Problem statement:
Write out the data below exactly as given, without any of its pictures.

The data:
────────────────────────────────────────

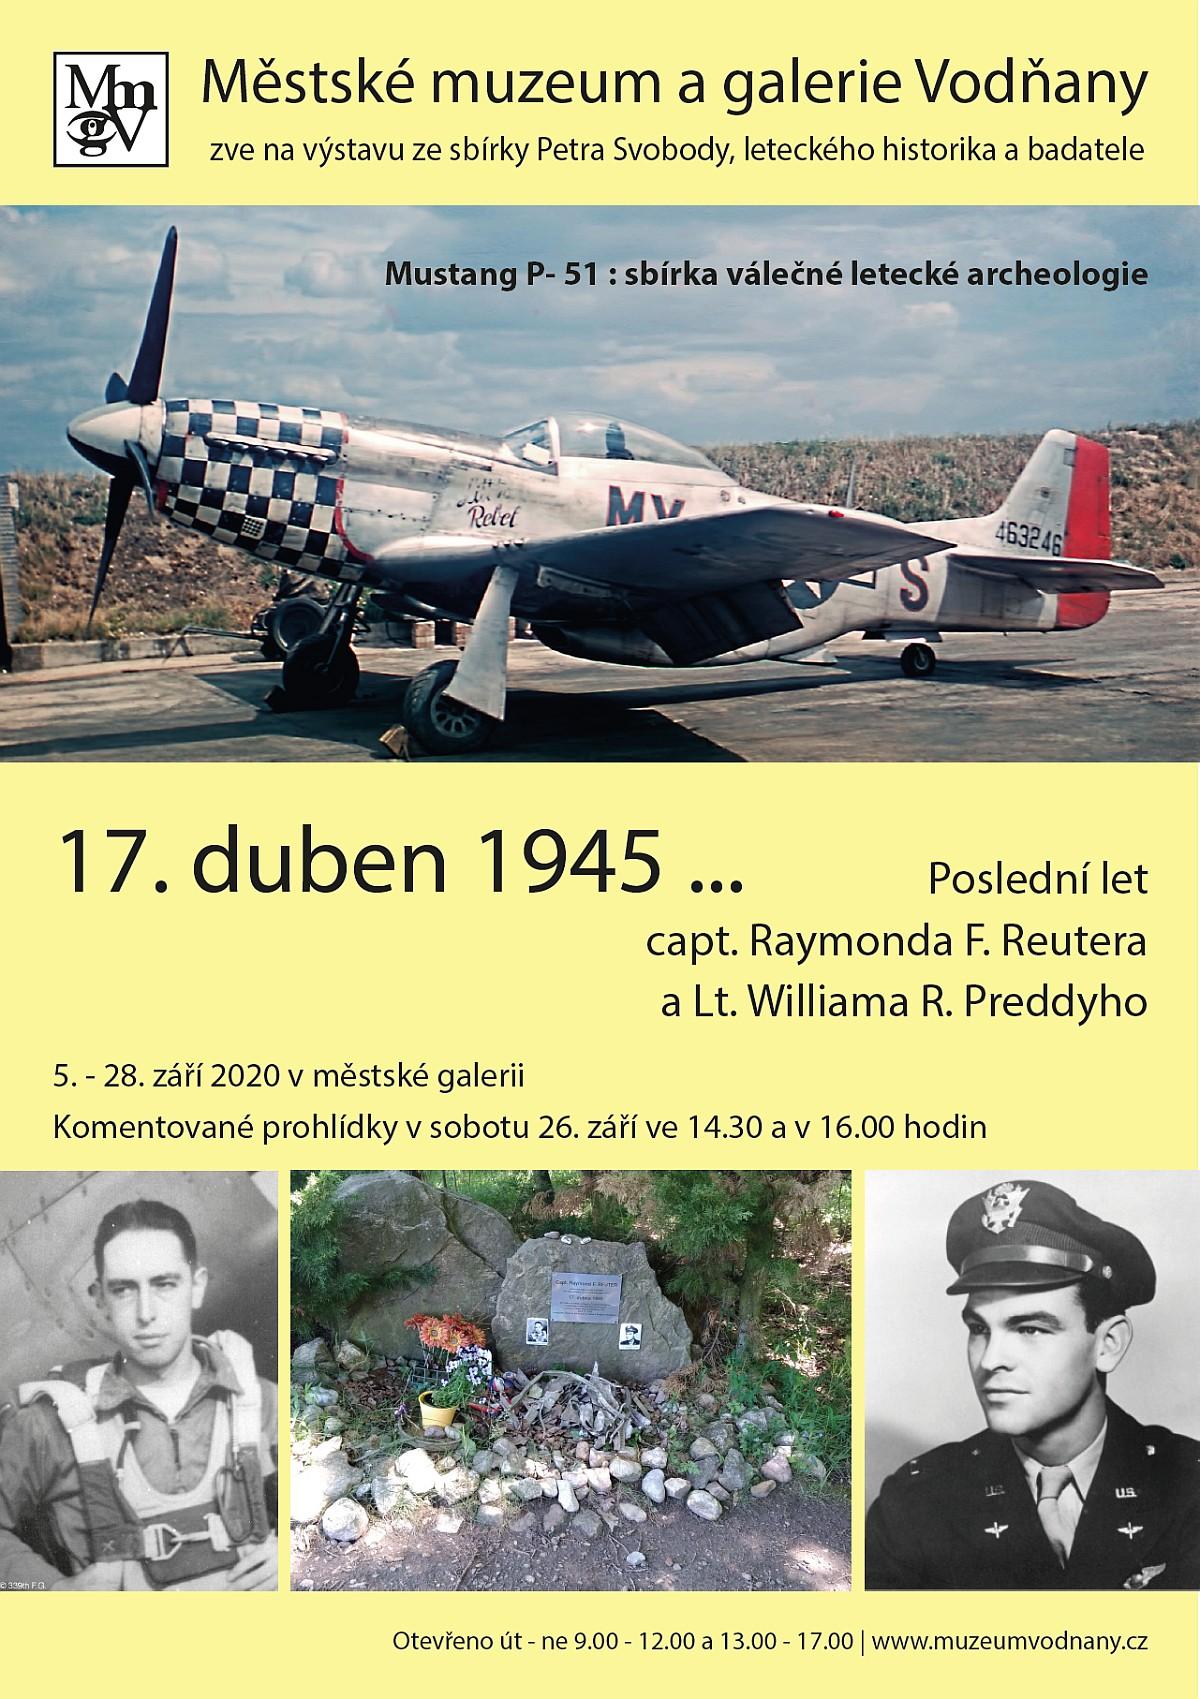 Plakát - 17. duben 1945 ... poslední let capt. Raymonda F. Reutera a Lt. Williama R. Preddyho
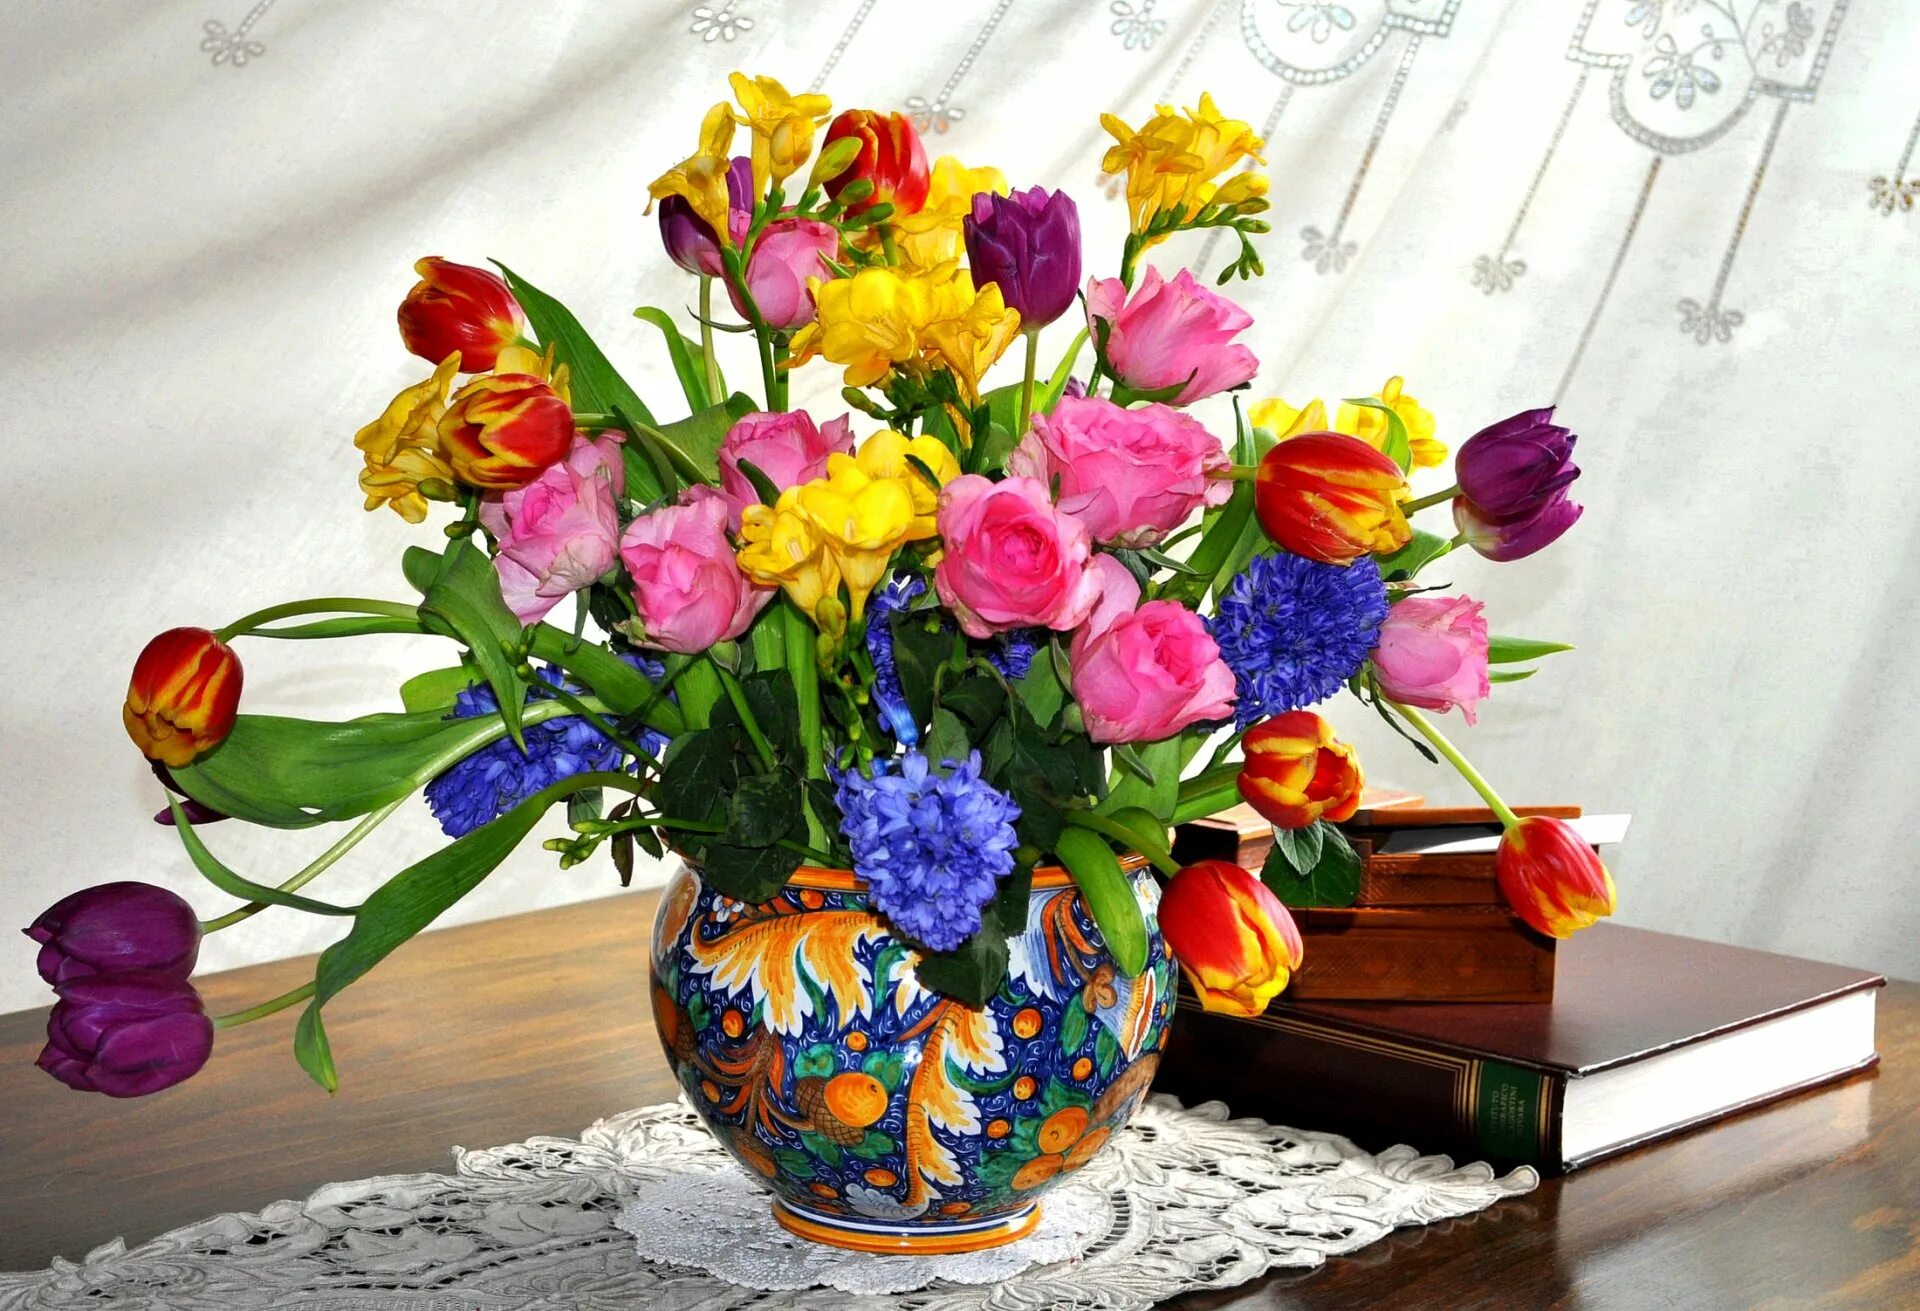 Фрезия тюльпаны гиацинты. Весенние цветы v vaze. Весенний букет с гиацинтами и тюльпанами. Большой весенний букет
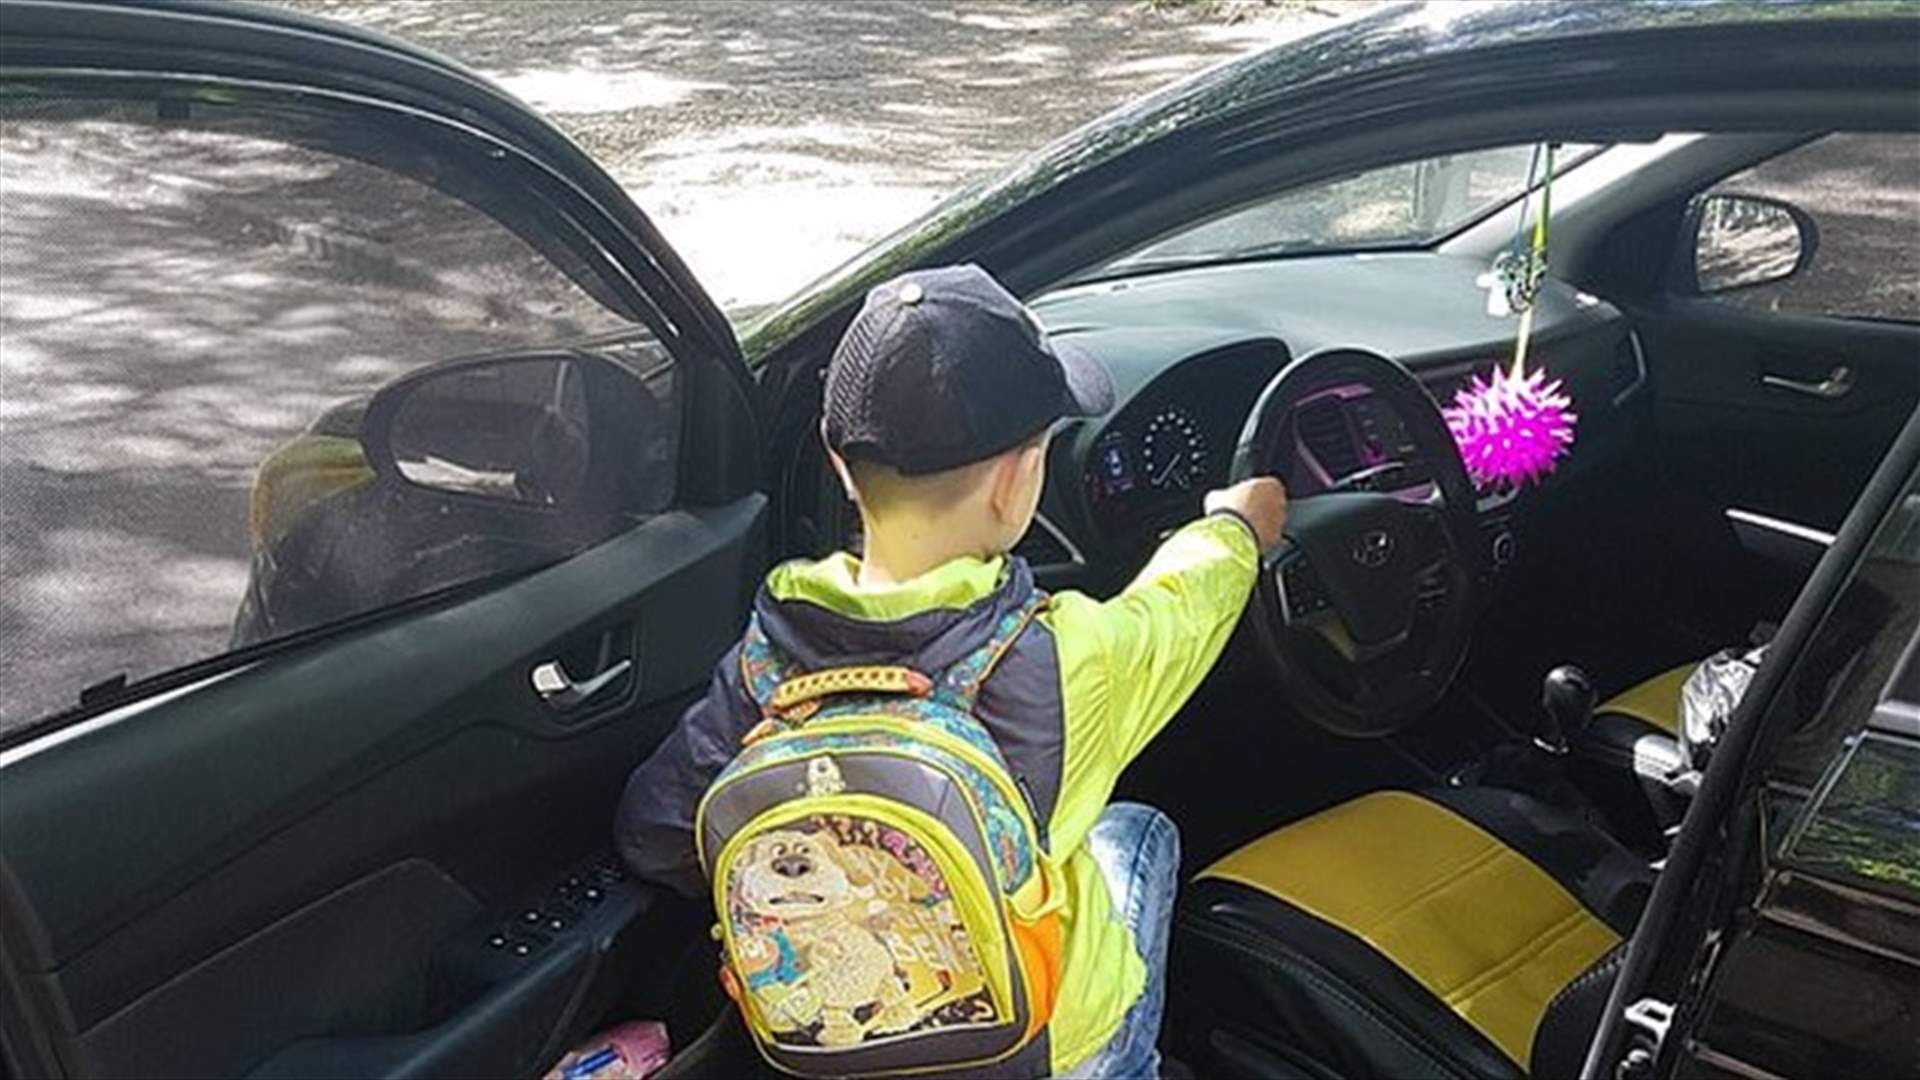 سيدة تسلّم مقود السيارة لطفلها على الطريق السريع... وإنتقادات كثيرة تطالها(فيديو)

────────────────────────────────────────

Answer to the problem:
 Plakát - 17. duben 1945 ... poslední let capt. Raymonda F. Reutera a Lt. Williama R. Preddyho
 Фрезия тюльпаны гиацинты. Весенние цветы v vaze. Весенний букет с гиацинтами и тюльпанами. Большой весенний букет
 سيدة تسلّم مقود السيارة لطفلها على الطريق السريع... وإنتقادات كثيرة تطالها(فيديو)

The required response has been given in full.